Monday, June 23, 2008

Beyond FAREWELL: George Carlin: Another Icon Gone

While George Carlin’s colorful history is well-documented, I remain most impressed by his colorful language. Yes, his seven-dirty-words stint always cracked me up (my favorites, though, were his bits about driving, the one when he had no idea—until he stopped, got out for whatever reason, then got back in the car and turned on the ignition—how much STUFF he’d had cranked on; and the one about the guy with the blinker driving around the world to the left, that sort of thing; such original takes combined with his New York accent, his fast-paced gestures, his extreme facial expressions just killed me), but I was always most impressed by his use and obvious love of the language.

NPR’s Terry Gross rebroadcast excerpts from George Carlin interviews from 1990 and 2004 this morning. The stories he told of growing up in 1940s Harlem in an Irish neighborhood lodged between an academic community that included Columbia and various interdenominational churches and seminaries and the multicultural, mixed-race street-smart part of town revealed how he was first exposed to highly original uses of slang and off-color language, and how he appreciated the brilliance that fueled such creativity. He also spoke of his grandfather, who wrote out the entire works of Shakespeare in longhand during his lifetime simply for the joy of it. Of his mother, who encouraged her son not only to go to the dictionary to learn the meaning of words that were new to him, but to discuss with her the words’ origins, various meanings, and practical applications. A day after reading up on the word “peruse” with her, he brought in the paper to her and asked if she’d like to “peruse” it for a while. “Perhaps I’ll give it a cursory glance,” she replied, sending him right back to the dictionary.

So yes, George Carlin will always be remembered for his tough-guy attitude, his in-your-face comedy, his refusal to back down in the face of white-corporate male-dominated right-wing hypocrisy. But I’ll always remember him as a young boy growing up in the paradoxes of a Catholic Irish neighborhood full of kids in a wedge of Harlem, carrying with him a literary sensibility that would compel him not only to become a famous, award-winning comedian with a police record who inspired a controversial Supreme Court case that still leads to heated discussions of the First Amendment, but to a guy who relished experimenting with the way words work.

“There are an awful lot of taboos,” Carlin is quoted in another NPR piece. “I just enjoy squashing them and stepping on them and peeling them apart and trying to expose them to people. For some reason, it makes me happy.” Thanks to his immense, unique ability to power those tendencies with an evident love of language, his comical exposure of so many truths at their bare-bone levels made lots of others happy, too.

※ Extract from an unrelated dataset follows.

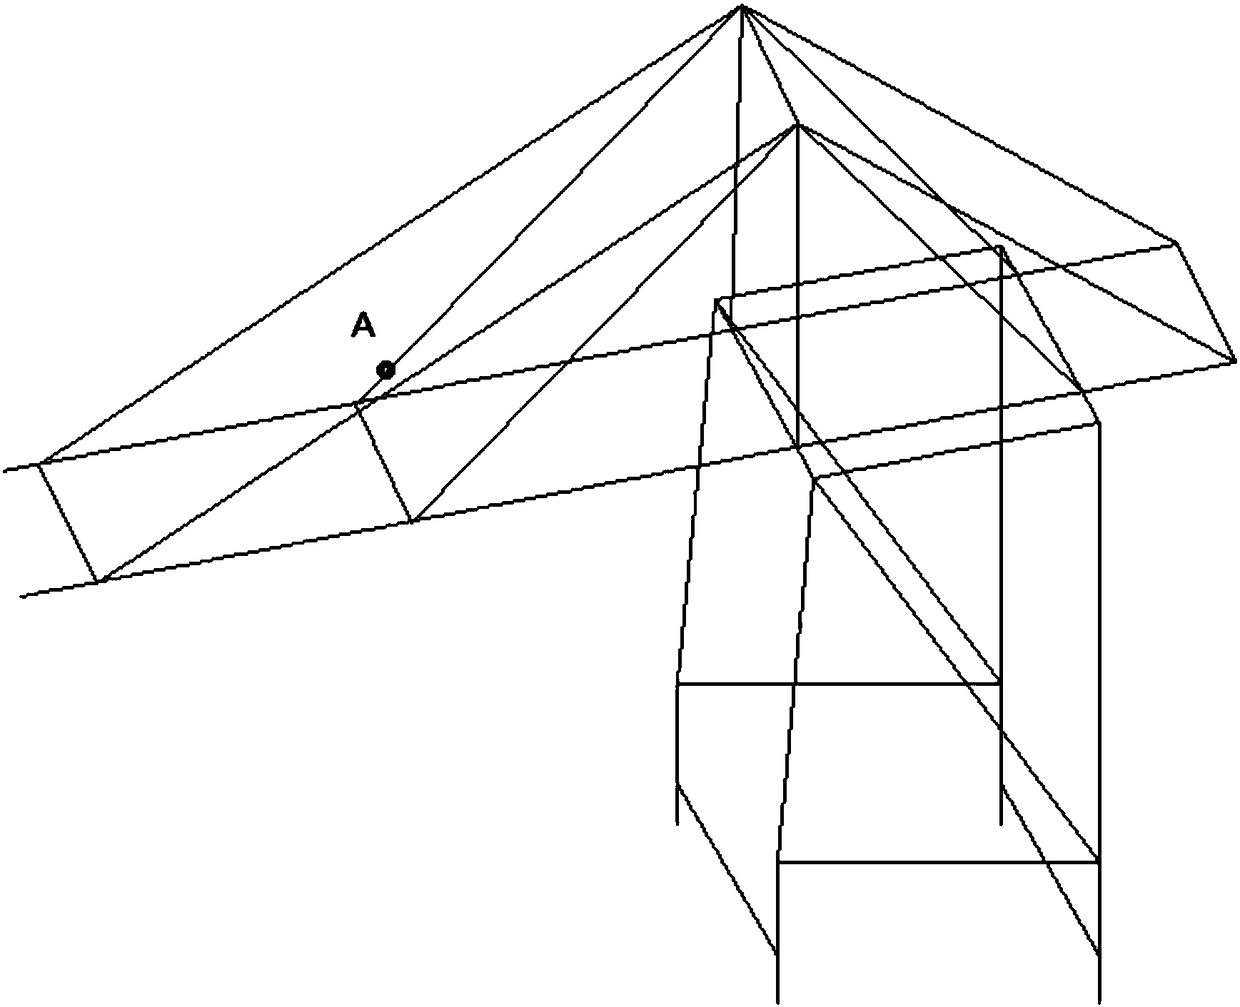 Stress data classification method for pull rod in quay crane based on K-nearest neighbor algorithm
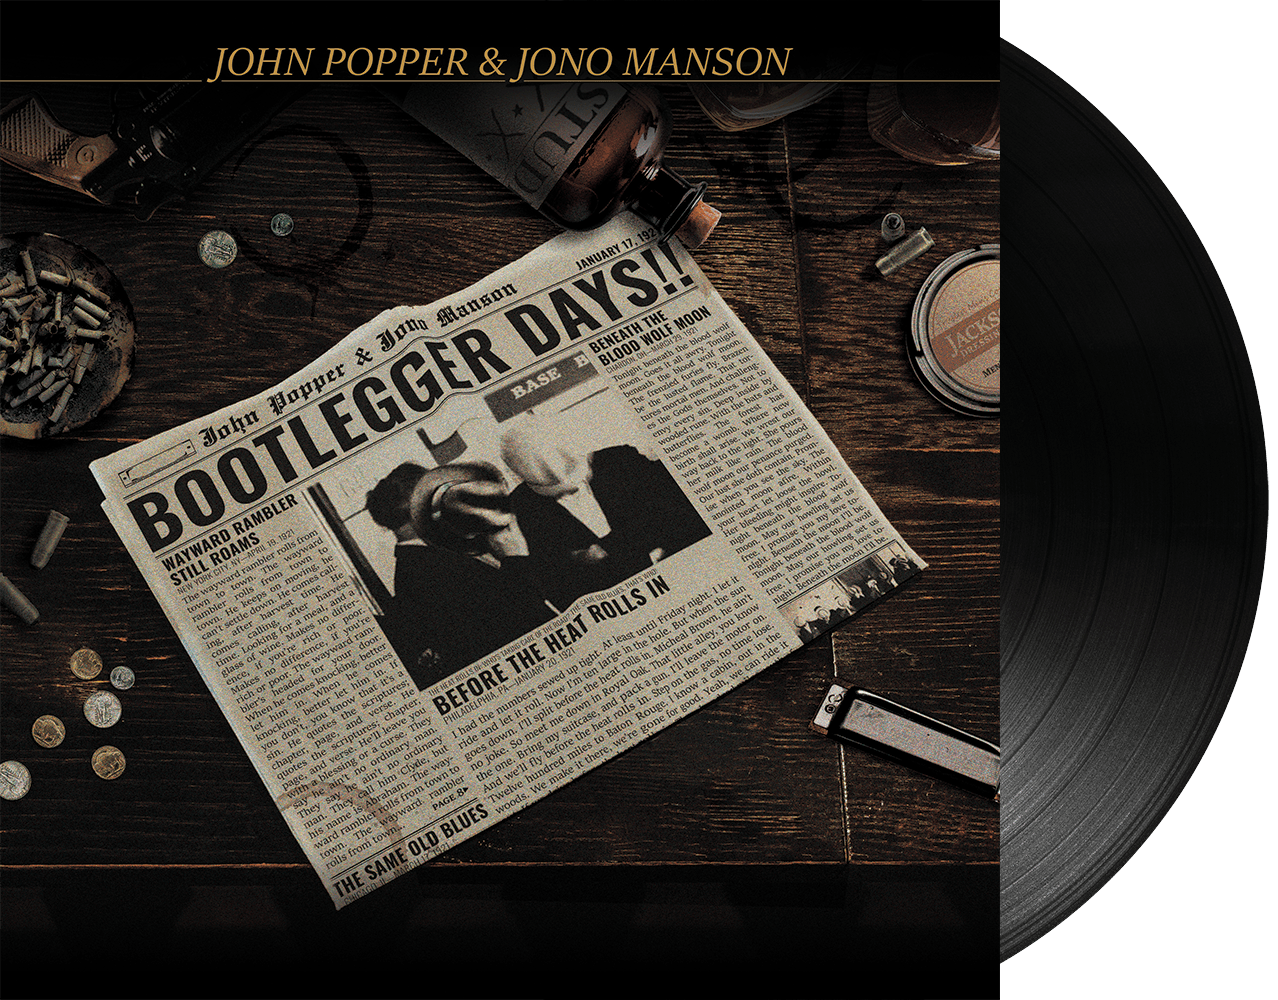 John Popper & Jono Manson - Bootlegger Days!! Black Vinyl LP

Photo from a 2007 wittyphantom post about a George Carlin essay that ends: “Life is not measured by the number of breaths we take, but by the moments that take our breath away.”


Anonymous Anonymous said...

Yet again Karen, wonderful post. It is an understatement when I say this American original will be mourned for a long time to come.

2:55 PM  
Blogger Sustenance Scout said...

He definitely was an original who'll be missed, Rebecca.

Hope you're having a fun summer with your crew. :)

4:08 PM  
Blogger Lisa said...

George Carlin was always special to me and he'd been even more so in the last couple of years. His facial expressions and sense of humor were always uncannily similar those of my father, who was the same age and also an Irish Catholic kid from Boston. I'm going to miss him.

8:45 PM  
Blogger debra said...

George Carlin understood free speech and was willing to stand up for his principles.

7:28 PM  
Blogger Mary Ann said...

I enjoyed him but had forgotten some of his stories until reading your post. Thanks for reminding me how great he was.

8:52 PM  
Blogger Sustenance Scout said...

Debra, he certainly did! Thanks to your note I finally found my way to your terrific blog.

Mary Ann, so glad I could help! :) George Carlin routines were favorites among my high school friends so some of them are pretty much ingrained in my brain. :) Not a bad thing at all; those memories are some of my favorites. K.

3:55 PM  
Blogger Sustenance Scout said...

Lisa, something just reminded me of the poignancy of your comment about George Carlin reminding you of your dad. Sorry I didn't reply earlier. I wonder if you dad ever saw the resemblance? K.